Mr. Traymon may be a "man of 10,000 songs," able to remember the tunes people tend to request over long spans of years, but without question, he is a man of many stories. He accumulated his songbag from a wide range of experiences. As a teenager in the Depression, he performed in Catskills resorts. He was a young Italian who became "the fair-haired boy of all these places," he said.
In his late teens and early 20's he toured with Ozzie Nelson, meeting such figures from a bygone time as Lincoln Perry, otherwise known as Stepin Fetchit, and befriending another Italian musician, a younger singer named Frank Sinatra. During World War II, a colonel, impressed with his playing, ordered him to form an orchestra. His 47-piece soldier's band raised money for war bonds, sharing stages with Milton Berle and a "young, creative chorus girl" named Lucille Ball, he said. After the war he worked in the ABC studio orchestra and made recordings.
In the 50's and 60's his life was a series of "helter-skelter" tours with Peggy Lee and other singers that crossed the globe. Along the way he picked up a stage name, which became his real name. He was born Adolph Tramontana and known as Dolph from boyhood, but changed his last name to Traymon in 1947. "People couldn't pronounce Tramontana, " he said. "Now, performers have the damnedest names and nobody cares. Then, they did care. He has adapted to many changes in popular music, his medium, though he was trained in the classics during his childhood in New York. "The Beatles did a pretty credible job," he aid. "They were musical. I still play their songs. Elvis Presley I could have done without. I looked at all that and said, "It's not gonna stay.' But it did stay."
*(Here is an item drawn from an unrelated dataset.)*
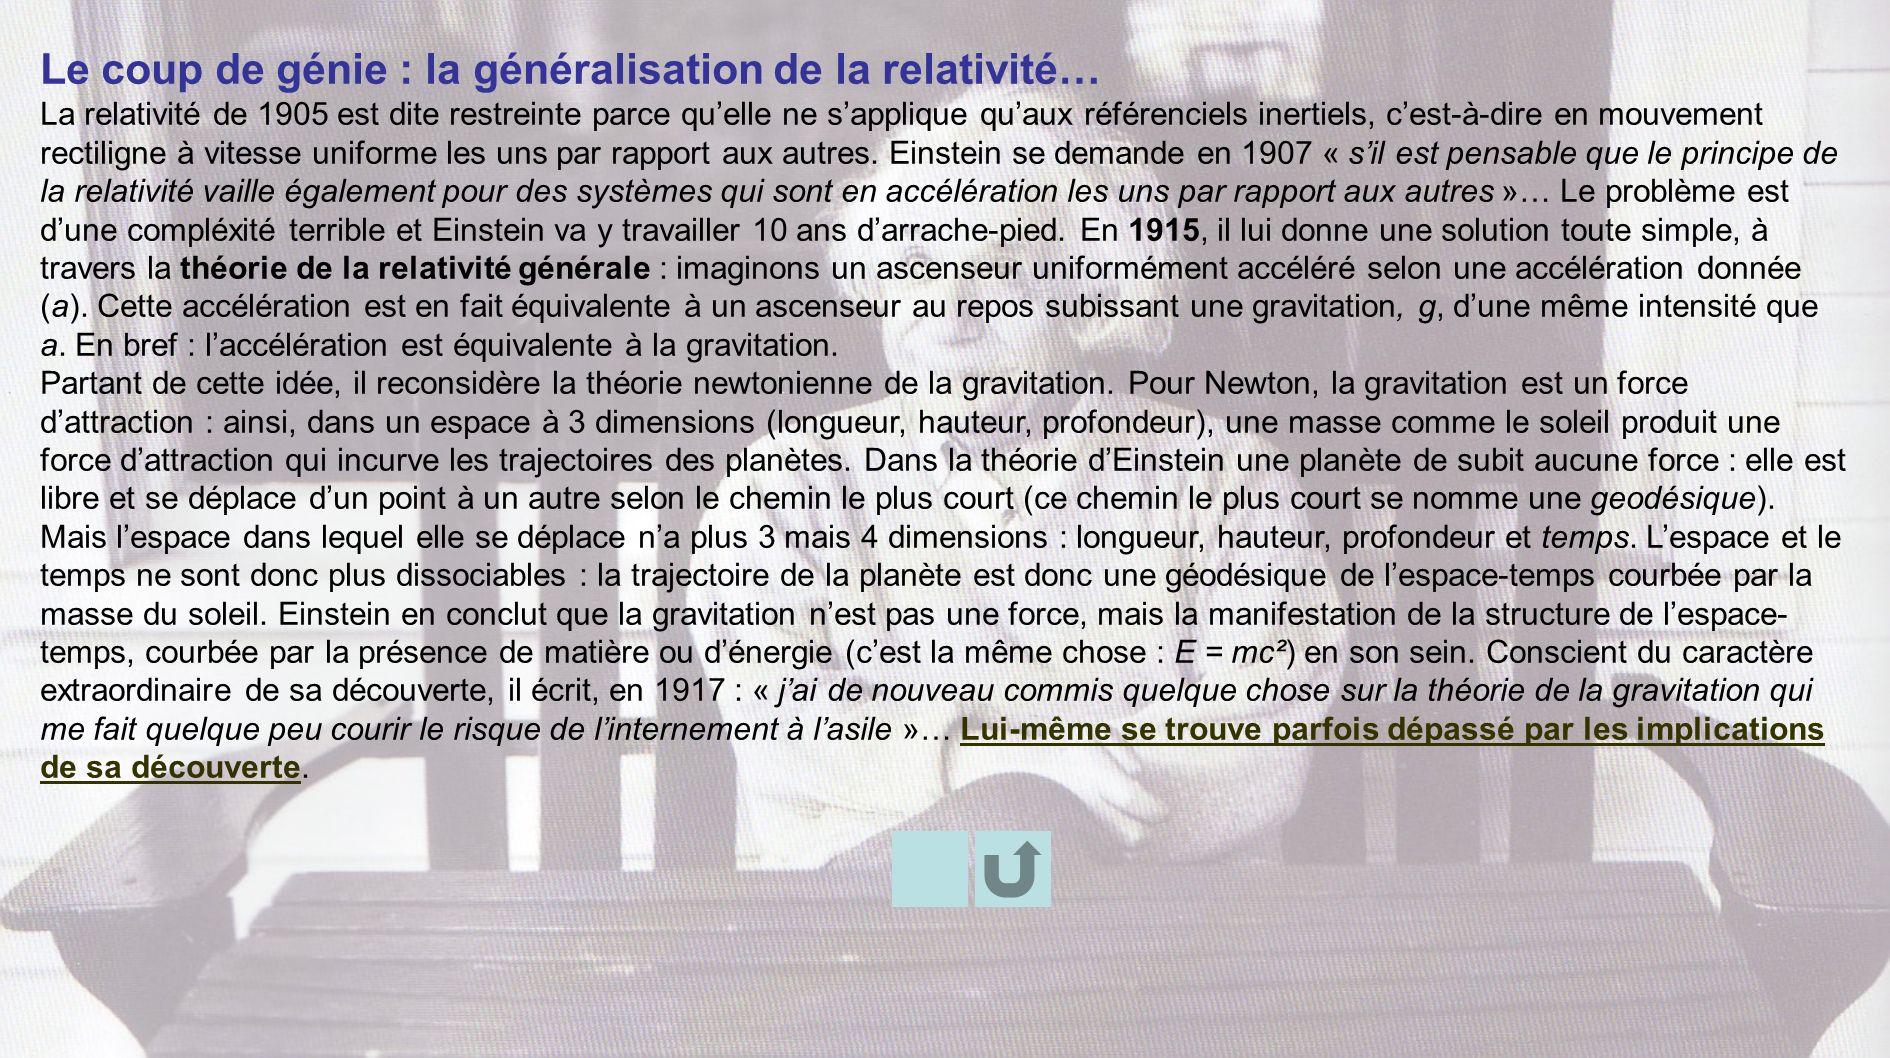 Le coup de génie : la généralisation de la relativité…
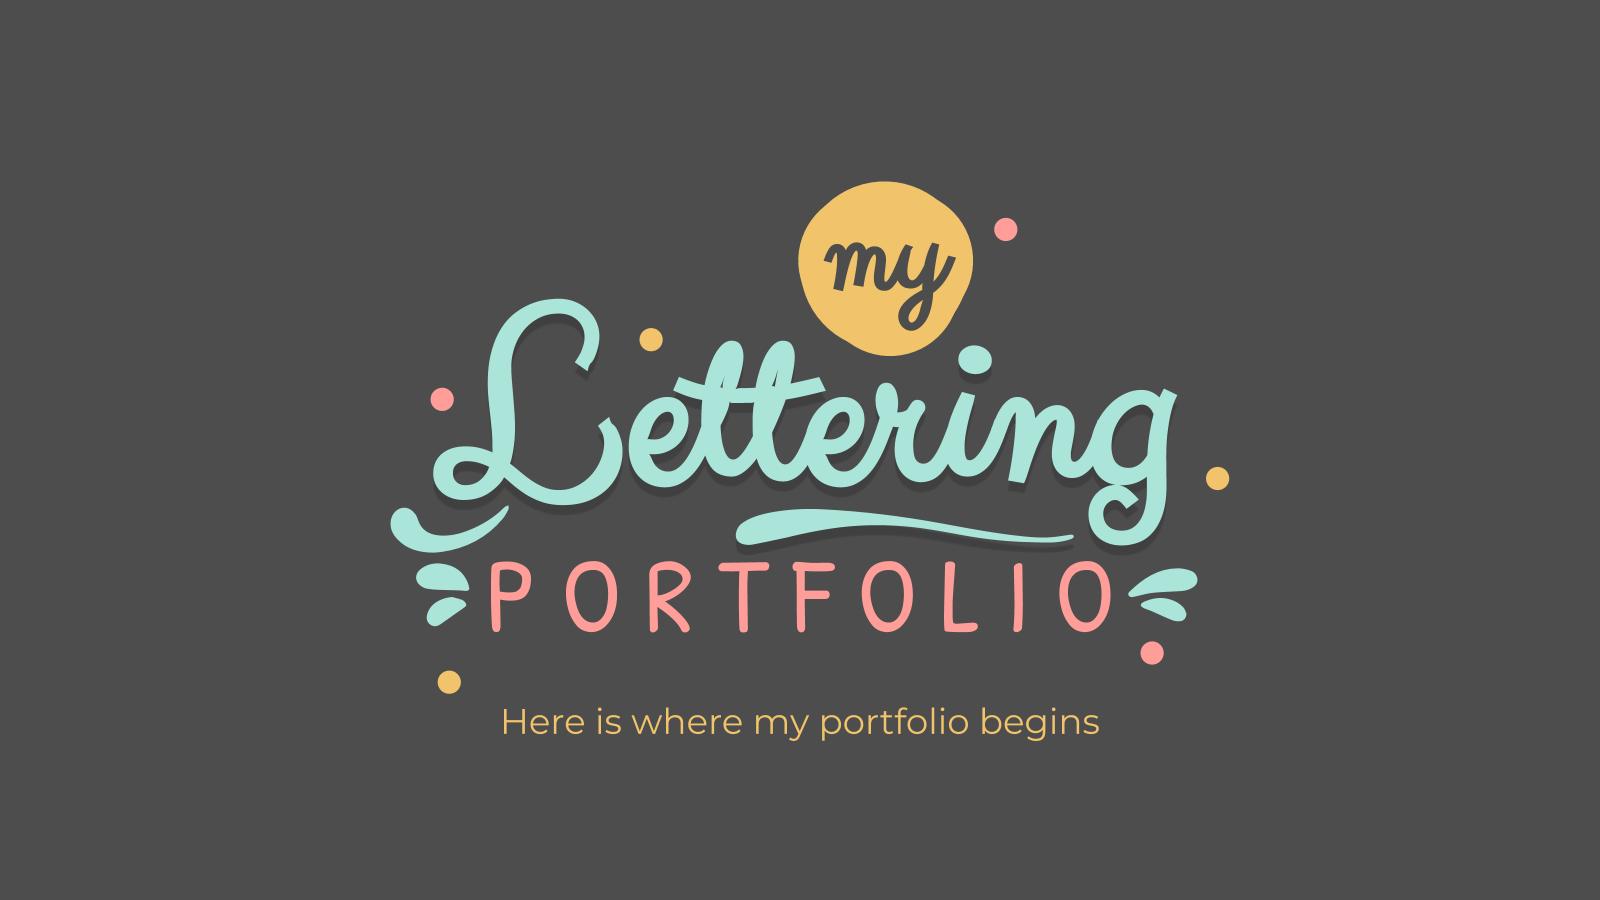 Plantilla de presentación Portafolio de lettering

He also started a family when he was a traveling musician. In 1949, he eloped with his wife, Audrey. They soon had two daughters, Elissa and Tracey. He has memories of balancing Elissa on bar tops while he played. He and his wife lived on Long Island. In 1971, Mrs. Traymon, who worked for a greeting card company at the time, was visiting clients in Kent. She asked her husband to meet her there for lunch. But, he said, "there was no place to have lunch. One coffee shop, but the place was so filthy I wouldn't drink a glass of water there." His wife suggested that they settle down there and open a restaurant with a piano bar. "And," Mr. Traymon said, "you know the power of a woman." "We opened with no advertisement on a Saturday night," he recalled, "and you couldn't get in the door. Four weeks later, I wanted to sell; thought I didn't belong there. But here I am 29 years later." Harry Bly has been dining at the Fife and listening to its pianist since the restaurant first opened. Now he and his wife, Jane, live just across the Housatonic River and state line in Millbrook, N.Y., but they still patronize the Fife. "It was always special, " Mr. Bly said. "It's still an oasis."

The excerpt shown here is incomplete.